I am trying to read a 3x3 array and print it out but I am getting an end of line error:
The text file contains the following array:
1 2 3
4 5 6
7 8 9
Here is my code:
program myfile
implicit none
! Declare Variables
integer i,j
!real, dimension(1:3,1:3) :: A
integer, parameter :: M = 3, N =3
real, dimension(1:M,1:N) :: A
! Open and read data
open(unit=10, file = 'test_file_cols.txt', status = 'old')
do i =1,M
do j =1,N
read(unit=10,FMT=*) A(i,j)
print *,A(i,j)
end do
end do
end program myfile
The error I am getting is below:
1.000000
4.000000
7.000000
forrtl: severe (24): end-of-file during read, unit 10, file C:\Users\M42141\Documents\mean_flow_file\test_file_cols.txt

As discussed briefly in the comments by default all I/O in Fortran is record based. This is true for both formatted and unformatted files. What happens is the file is viewed as a set of records - and you can think of a record as a line in the file. Now these lines may be very, very long, especially in an unformatted files, but the default Fortran I/O methodology still views it as a set of lines.
Now the important thing is that by default every time you perform an I/O statement (read, write, print) the last thing it does is move from the record it is on to the next record - a write statement will write an end of record marker. This is why you automatically get a newline after a write statement, but it also means that for a read statement any remaining data in the record (on the line) will get skipped over. This is what is happening to you. The first read reads record 1, and so you get 1.0, and then moves to record 2. Your program then reads record 2 and so you get 4.0, and it automatically moves to record 3. this is then read (9.0) and the file pointer moves onto record 4. You then try to read this, but there isn't a record 4, so you get an end of file error.
Record structure is a bit strange when you first encounter it, but when you get used to it it is very powerful and convenient - I'll show an example below, and another one might be that you could leave a comment at the end of each line saying what it does, the end of the read statement will mean you move to the next record, so skipping the comment and needing to take no special action in you code to deal with such a case.
Anyway how to solve your case.

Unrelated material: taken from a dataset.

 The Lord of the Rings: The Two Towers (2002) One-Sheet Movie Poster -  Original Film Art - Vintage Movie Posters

Three possible ways
Read a whole record at a time - the comment suggests an implied do loop but I think in this case an array section is much easier and more intuitive
You can simply read the whole array in one go. This works because when a read statement finishes a record and finds it still "needs" more data it will carry onto the next record and keep reading. But note the end of line comment idea won't work here - can you work out why?
Non-Advancing I/O. I don't recommend this at all in this case, but for completeness this allows you to perform a read or write without moving onto the next record
There may be others, you could probably use so called stream I/O but personally I prefer record based whenever possible, I find it more convenient and powerful. Anyway here is a program illustrating the 3 methods. Note I have also changed your input file, getting the original to work with non-advancing I/O is a pain, but not the other 2 - another reason not to use it here.

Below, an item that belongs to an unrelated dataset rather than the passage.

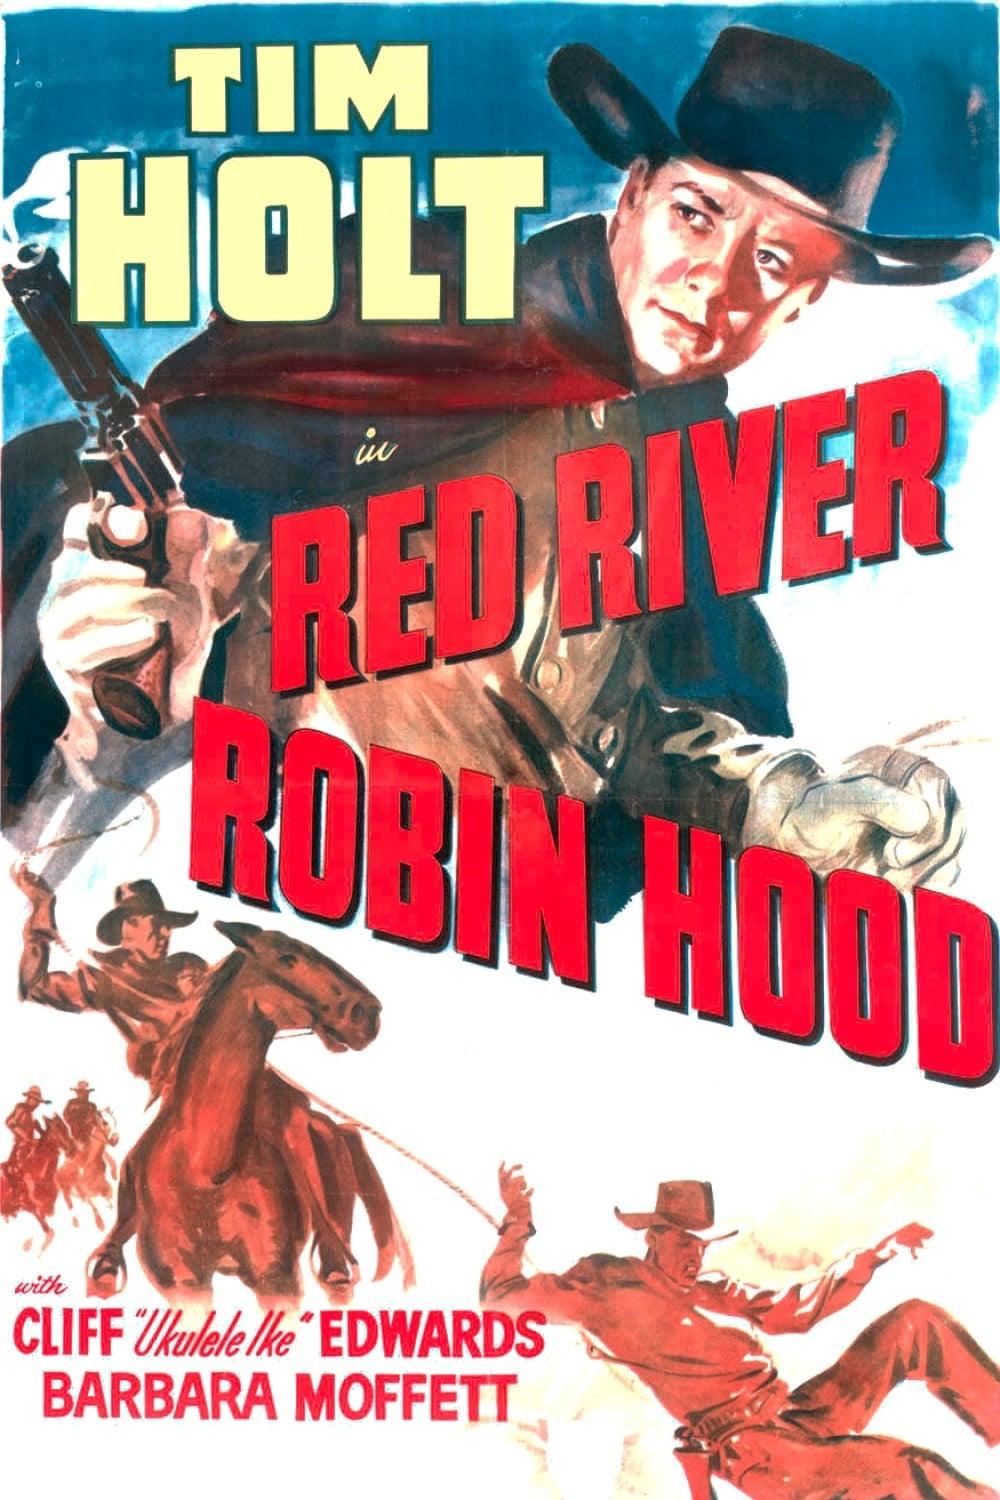 Red River Robin Hood poster

ian#eris:~/work/stack$ cat readit.f90
Program readit
Implicit None
Real, Dimension( 1:3, 1:3 ) :: a
Integer :: i, j
! one line per read
Write( *, * ) 'Line at a time'
Open( 10, file = 'in' )
Do i = 1, 3
Read ( 10, * ) a( i, : )
Write( *, * ) a( i, : )
End Do
Close( 10 )
! All in one go
Write( *, * ) 'All in one go'
Open( 10, file = 'in' )
Read ( 10, * ) a
Write( *, * ) a
Close( 10 )
! Non advancing I/O
Write( *, * ) 'Non-advancing'
Open( 10, file = 'in' )
Do i = 1, 3
Do j = 1, 3
! Non advancing I/O requires a 'proper' format
Read ( 10, '( f3.1, 1x )', Advance = 'No' ) a( i, j )

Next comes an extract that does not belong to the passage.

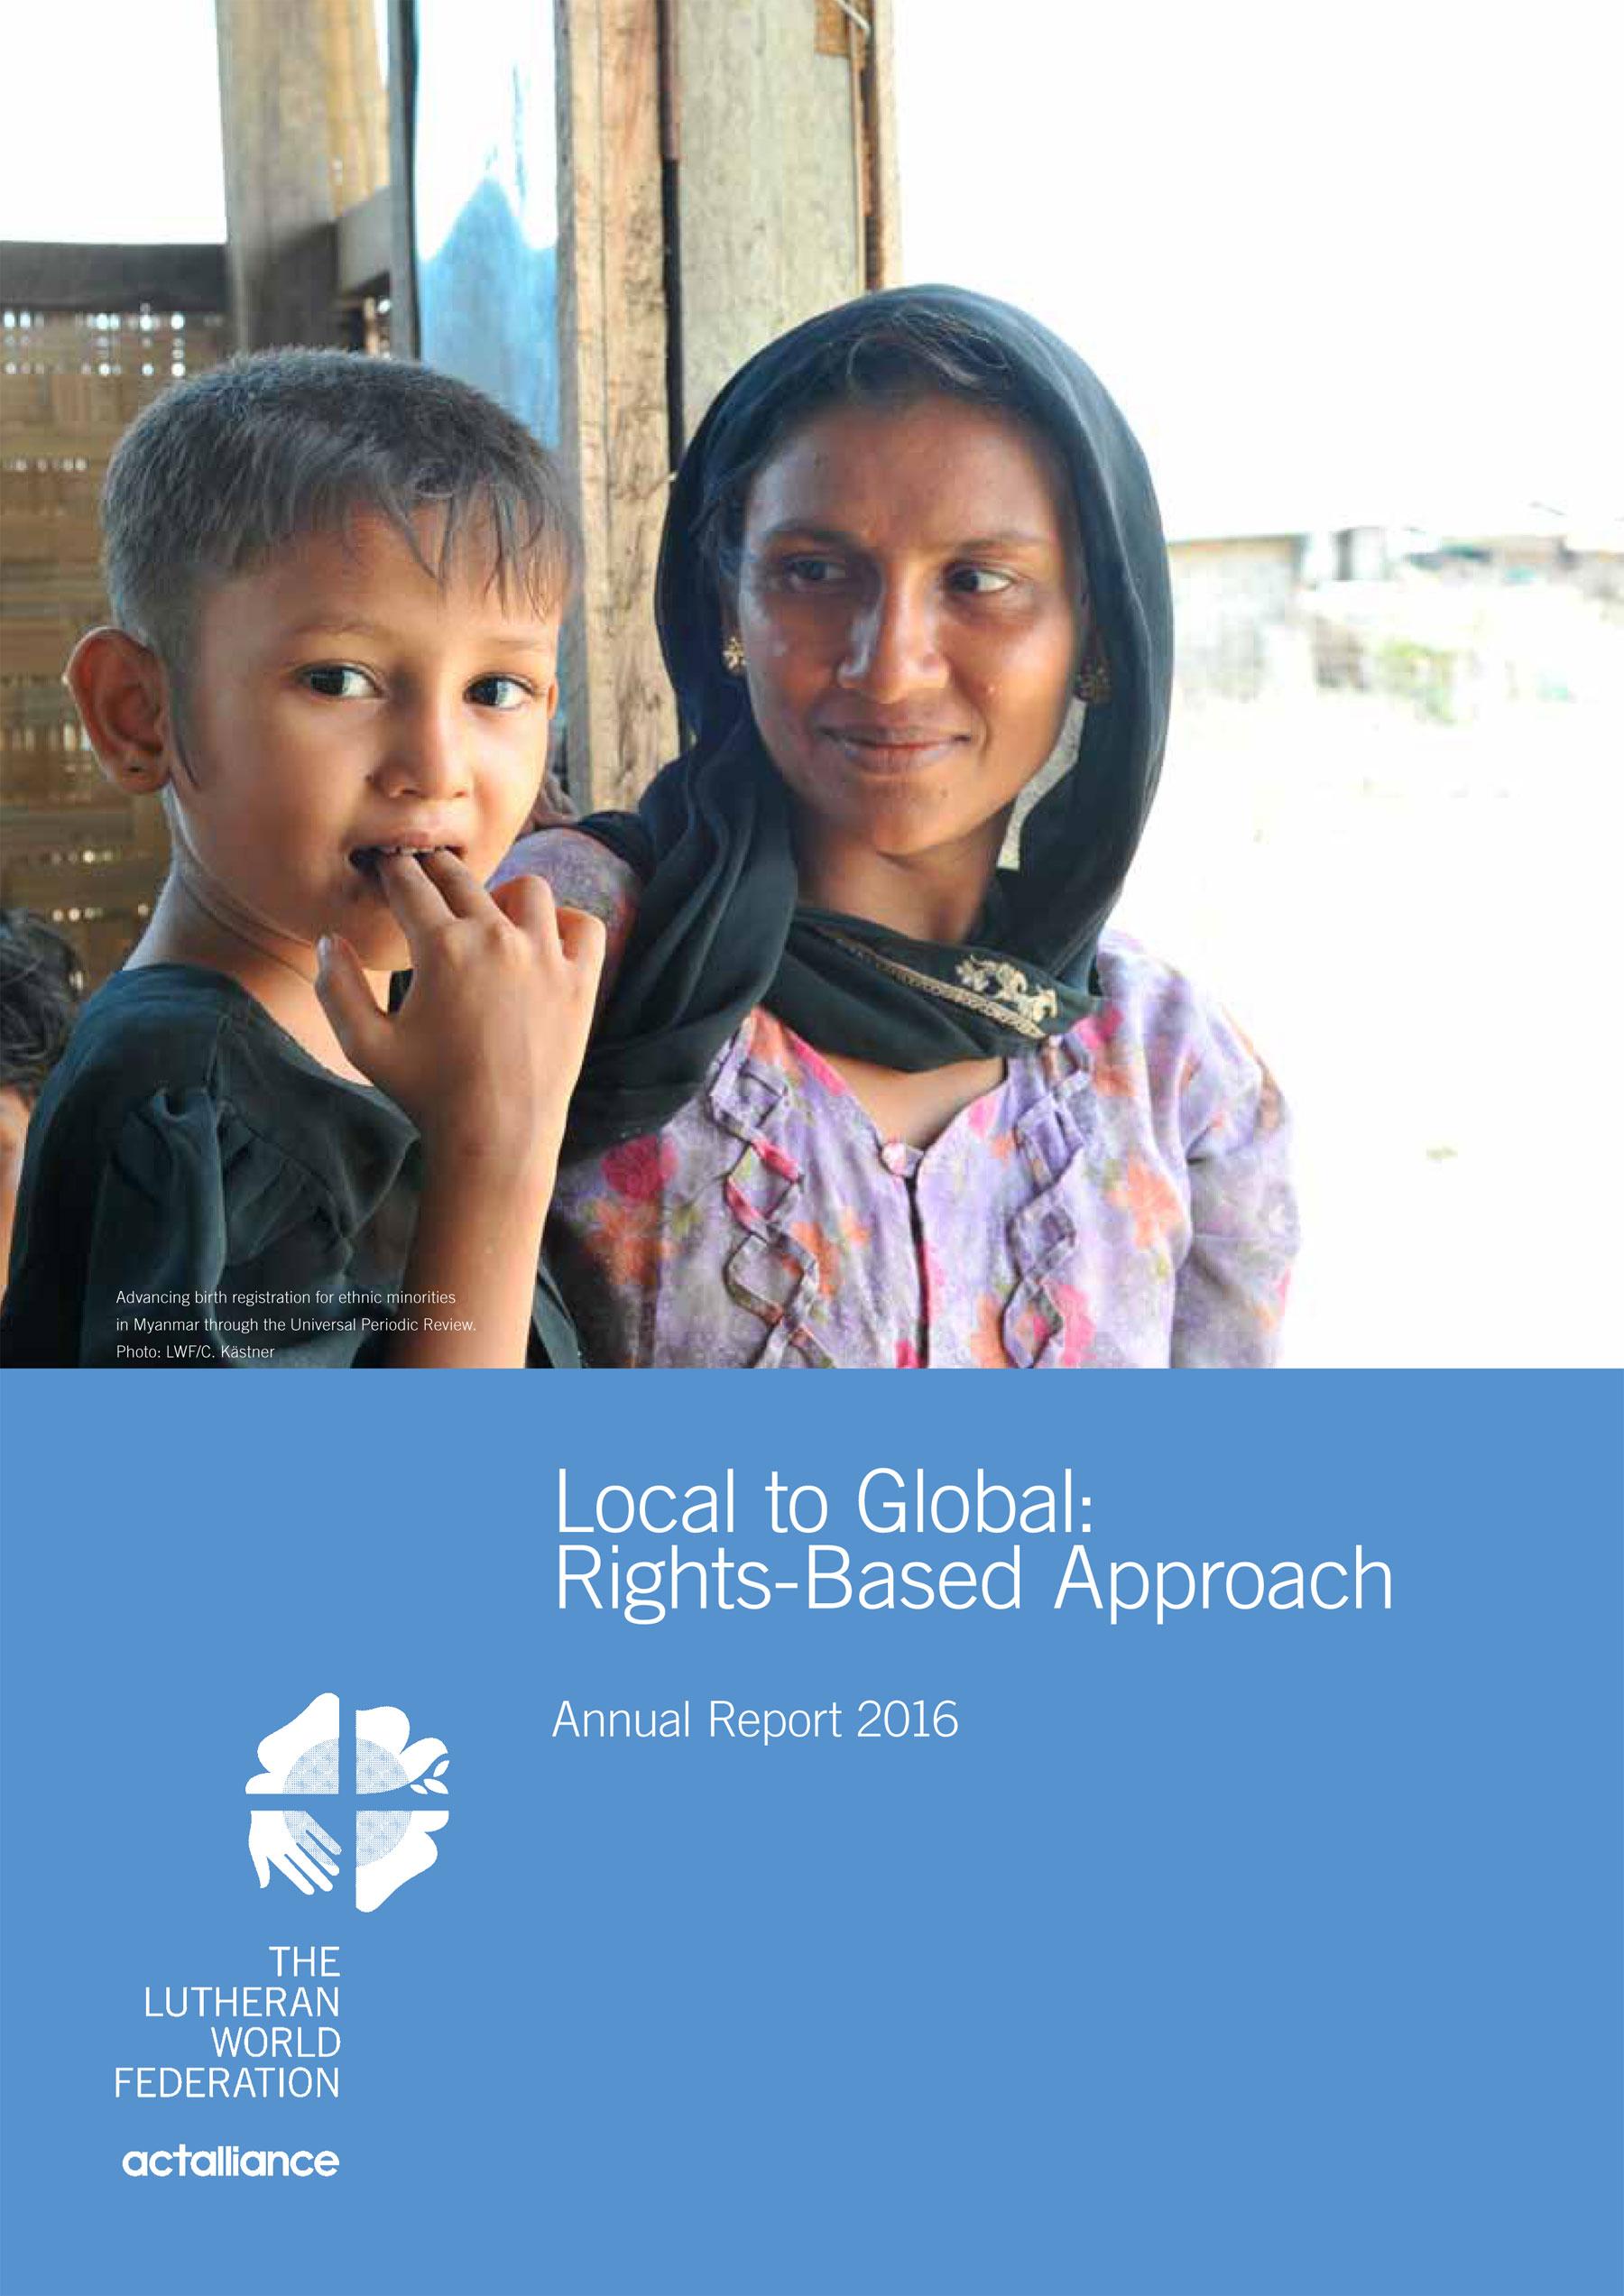 Rights-Based Approach Local to Global

Write( *, '( f3.1, 1x )', Advance = 'No' ) a( i, j )
End Do
! Move to next records (lines)
Read ( 10, * )
Write( *, * )
End Do
Close( 10 )
End Program readit
ian#eris:~/work/stack$ gfortran-8 -Wall -Wextra -pedantic -std=f2008 -fcheck=all -O readit.f90
ian#eris:~/work/stack$ cat in
1.0 2.0 3.00
4.0 5.0 6.00
7.0 8.0 9.00
ian#eris:~/work/stack$ ./a.out
Line at a time
1.00000000 2.00000000 3.00000000
4.00000000 5.00000000 6.00000000
7.00000000 8.00000000 9.00000000
All in one go
1.00000000 2.00000000 3.00000000 4.00000000 5.00000000 6.00000000 7.00000000 8.00000000 9.00000000
Non-advancing
1.0 2.0 3.0
4.0 5.0 6.0
7.0 8.0 9.0

Related

Passing a Character Array from VBA to Fortran DLL through a Type is corrupting the other Type members

Believe it or not, that title is about as short as I could make it and still describe the problem I'm having!
So here's the scenario: I'm calling a Fortran DLL from VBA, and the DLL uses user-defined types or whatever the Fortran name is for that (structs?) as an argument and copies the type back to the caller for validation.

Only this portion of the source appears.